Problem to work on
What you need to produce from the material below is an exact transcription of the lines from the one with "Mt.Fuji et jetée" through the one with "Kit 3 Camisas", both included, and no other line.

Data supplied
+--

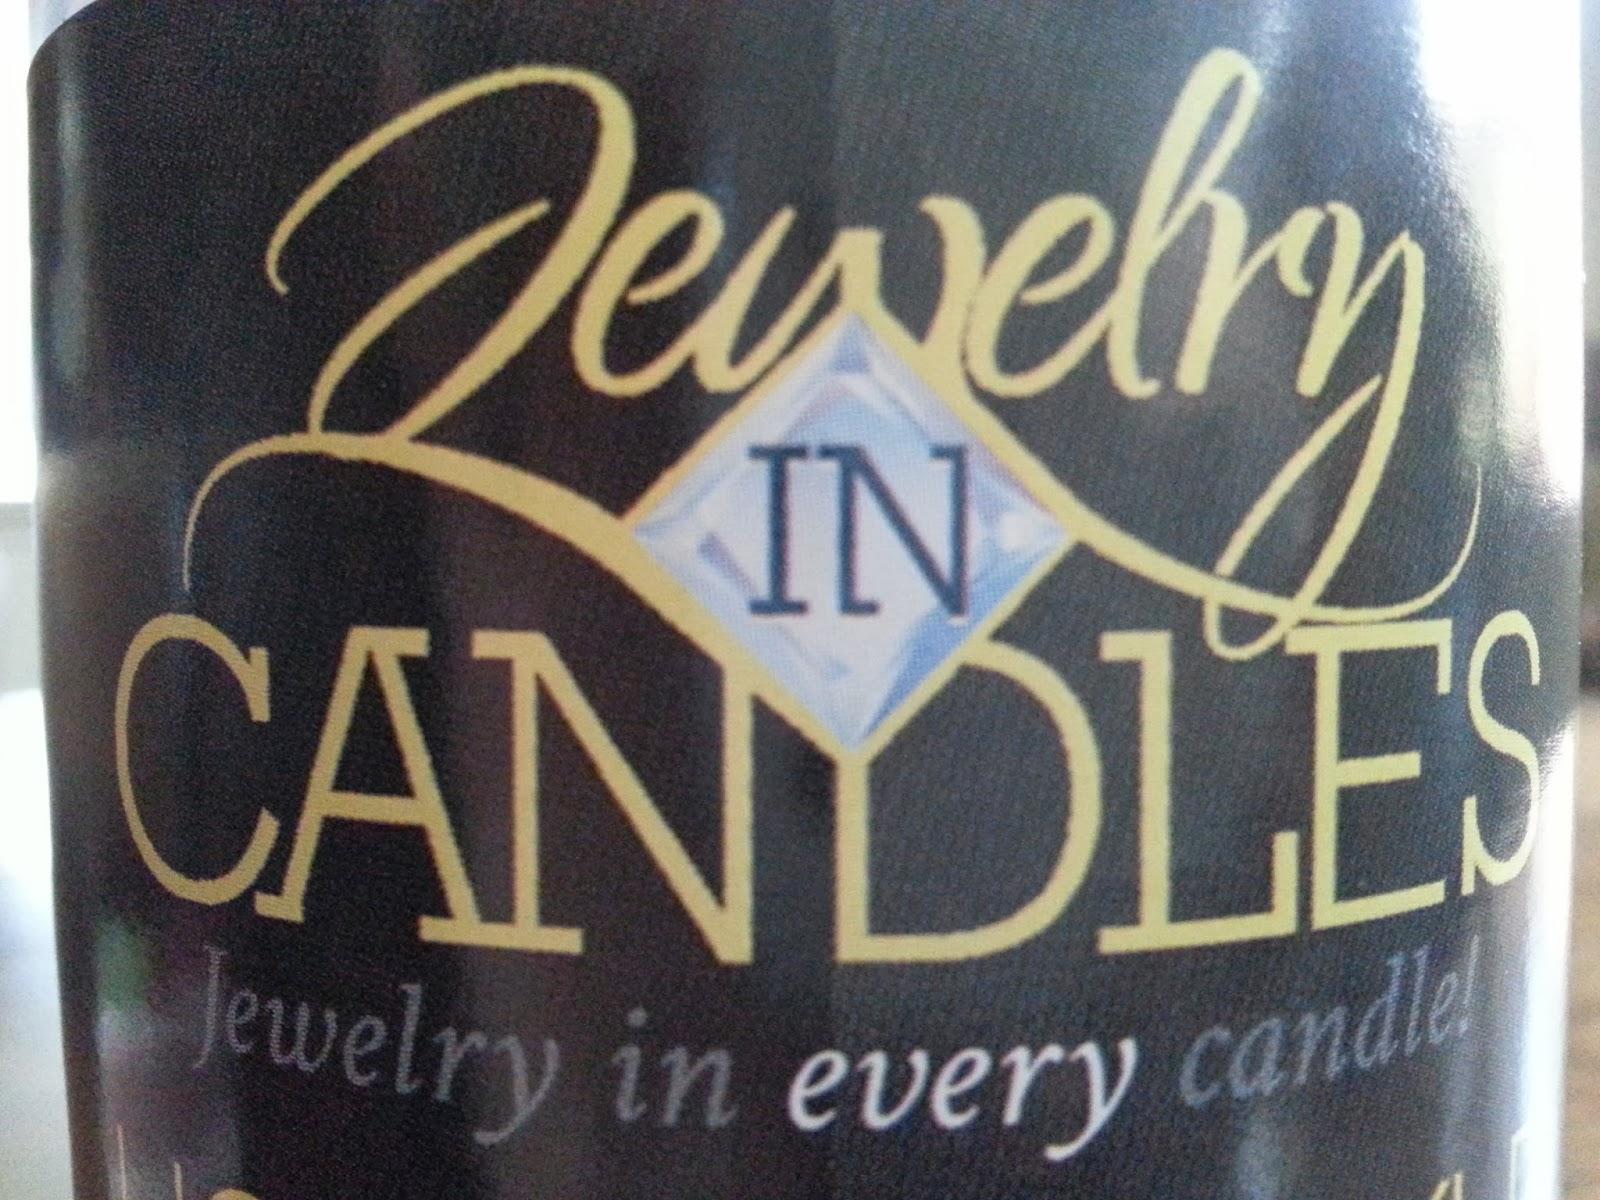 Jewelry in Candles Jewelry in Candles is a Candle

+--

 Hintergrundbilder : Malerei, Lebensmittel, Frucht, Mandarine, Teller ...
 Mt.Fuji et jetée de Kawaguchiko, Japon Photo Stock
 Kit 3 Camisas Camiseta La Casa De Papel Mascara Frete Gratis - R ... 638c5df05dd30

+--

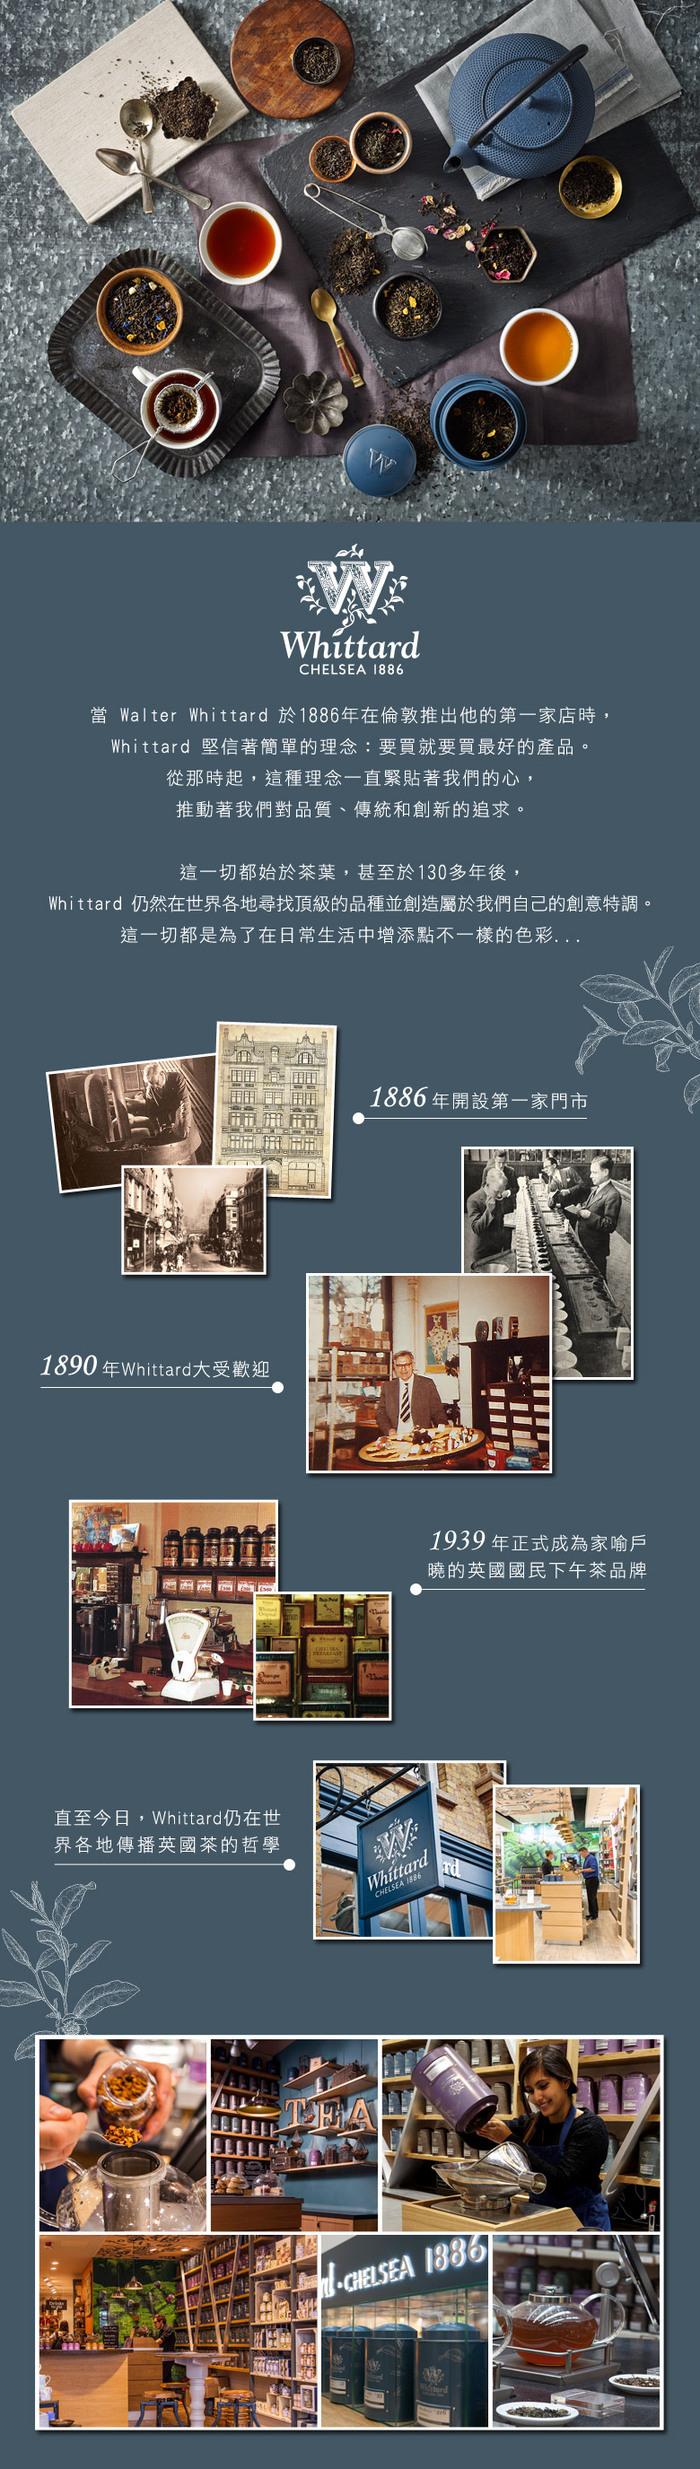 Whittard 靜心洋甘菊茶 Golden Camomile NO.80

+--

Reply
 Mt.Fuji et jetée de Kawaguchiko, Japon Photo Stock
 Kit 3 Camisas Camiseta La Casa De Papel Mascara Frete Gratis - R ... 638c5df05dd30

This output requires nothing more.